На рынках появились целые ряды, где бойко торговали цыплятами, крольчатами, козлятами. Обзавестись такого рода хозяйством было несложно. Это поощрялось. Широко выпускались разнообразные пособия по домашнему животноводству, в которых доступно разъяснялось, как лучше все организовать в хозяйстве.
У кого был доступ к помоям, к каким-нибудь пищевым отходам общепита или имелась лишняя картошка (мелочь, обрезки, мороженая), те держали поросят. Их откармливали «на сало». Так они и вес набирают быстрее, и соленое сало могло долго лежать. Его можно было есть и так просто, с хлебом, как бутерброд, и в кашу накрошить, и в щи, и с картошкой пожарить.

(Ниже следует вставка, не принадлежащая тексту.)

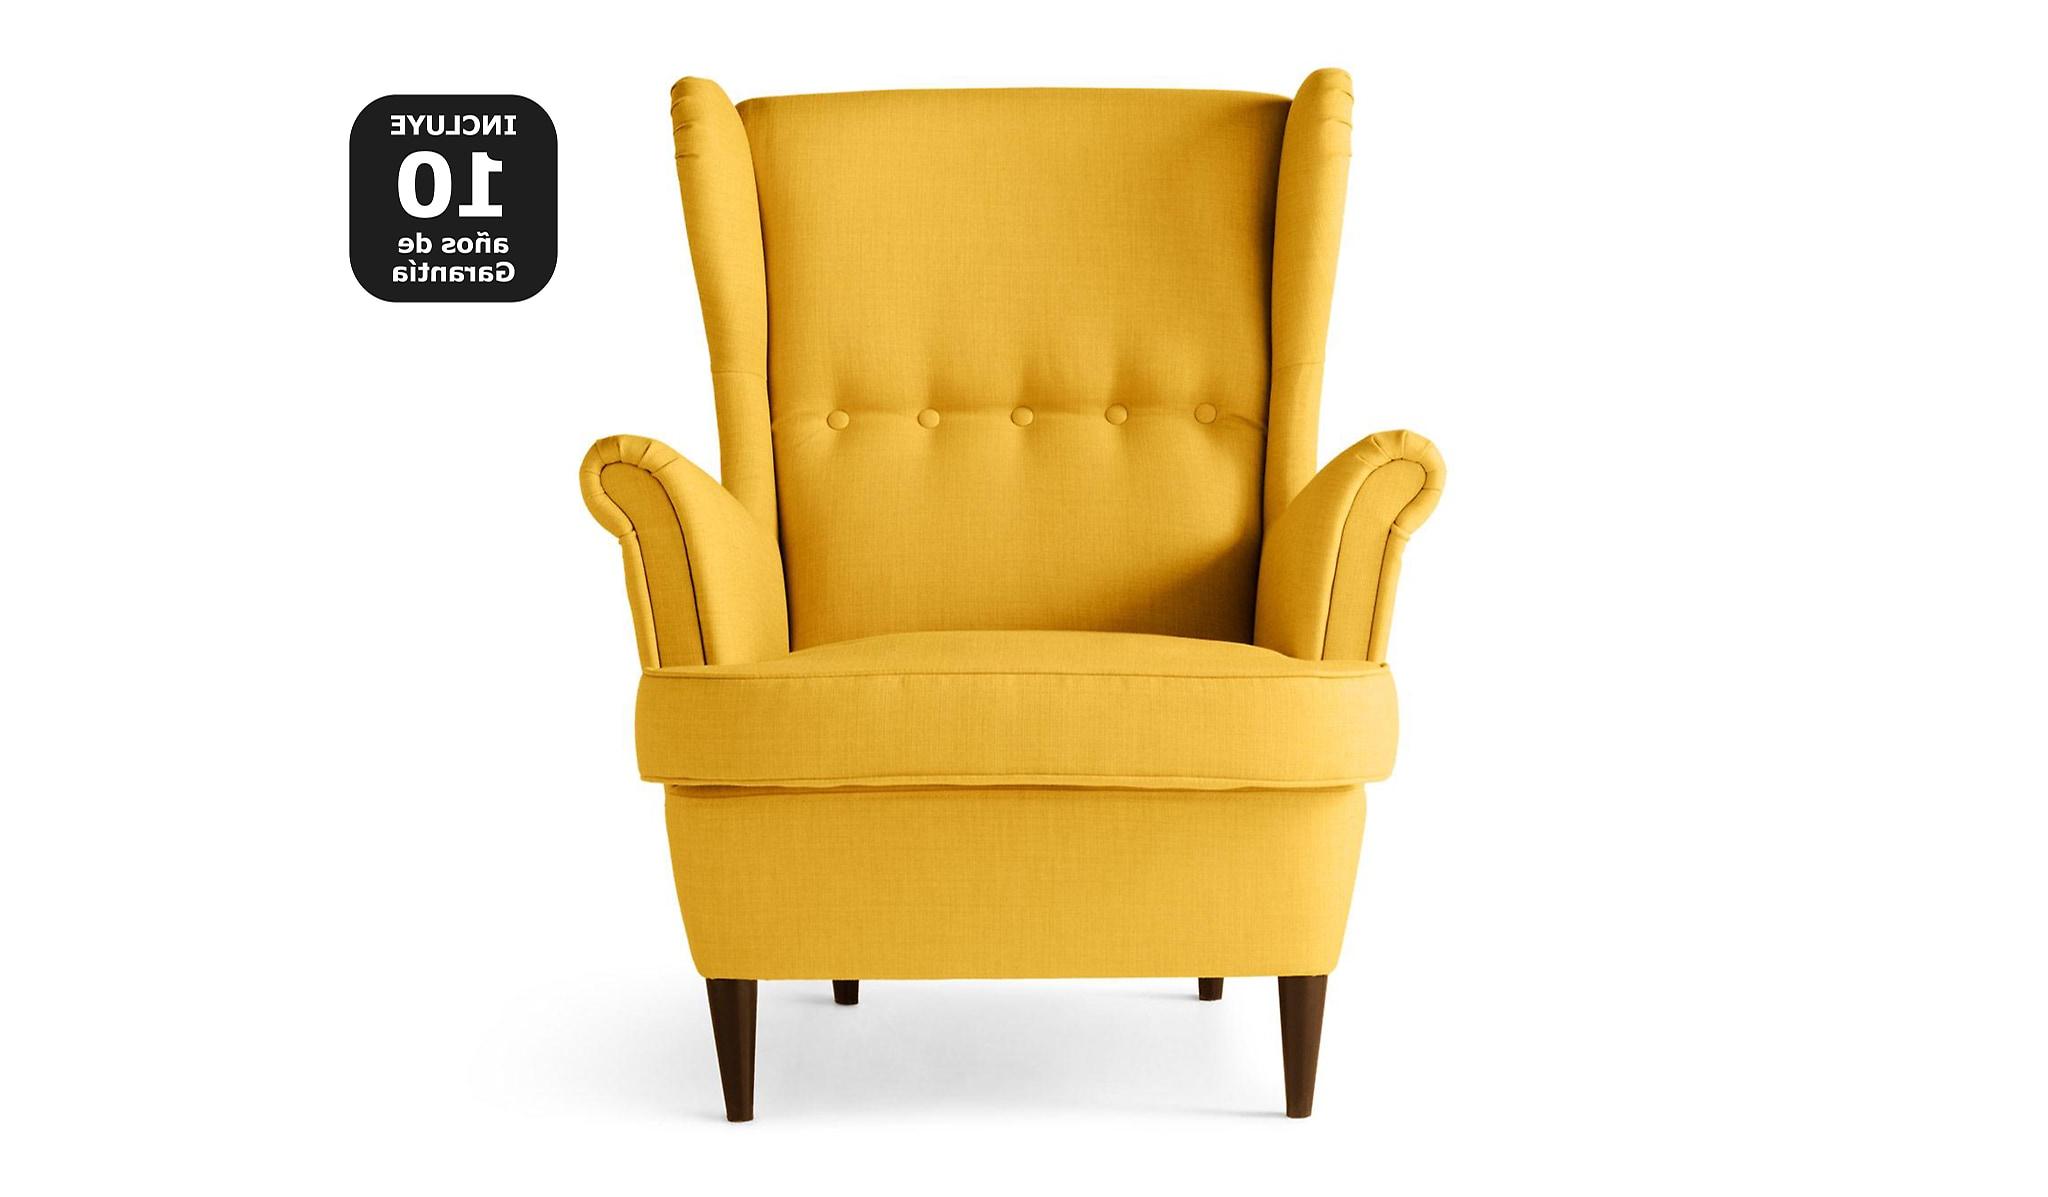 Sillones De Ikea 8ydm Sillones CÃ Modos Y De Calidad Pra Online Ikea

На рынок с таким товаром явиться было не зазорно. Выменять на кусок сала можно было что угодно. Сальцо «стояло в хорошей цене». Но возни с поросятами выходило больше именно из-за проблем с откормом. Это был в основном сельский промысел, в городе немногие брались.
К 1944 году цену на сало немного сбил «лярд». Так на русский лад называли лард – топленое свиное сало в банках, аналог украинского смальца, продукт, поставлявшийся союзниками-американцами по ленд-лизу. Все эти словечки тогда быстро освоили. Однако ж сало оставалось салом. Особенно оно ценилось у людей простых, не допущенных к ленд-лизовским благодатям вроде американской тушенки, консервированных сосисок, колбасного фарша в банках и яичного порошка.
Корову держать было еще труднее, но тот, кто решался на такую мороку, в накладе не оставался, потому что можно было «прожить одной коровой», торгуя молоком. И прожить весьма не худо. Сами посудите: по данным статистического отчета рязанского отделения Госбанка, в апреле 1944 года молоко стоило в нормированной торговле 2 рубля за литр, а в коммерческой – 60 рублей. На рынке литр молока стоил 52 рубля. Посчитаем! Хорошая коровка трижды в день давала по ведру молока. То есть литров около 30 в сутки. Кладем по 50 рублей за литр, получается 150 рублей. Ну, пусть 120 или даже 100 рублей. В день! Стало быть, около 4000 рублей или немного меньше в месяц – коровы выходных и праздников не знают, доятся регулярно. Если даже отбросить расходы и оставить половинку, то 2000 рублей «чистыми» выходит. Ну или около того. В ту пору, когда зарплата железнодорожника в месяц была 500–550 рублей, заводской рабочий получал 500–600 рублей, инженер 1000–1300. При ценах на сливочное масло в нормированной торговле 25 рублей за кило, в коммерческом магазине 1000 рублей за кило, на рынке тот же килограмм масла стоил 630 рублей[260].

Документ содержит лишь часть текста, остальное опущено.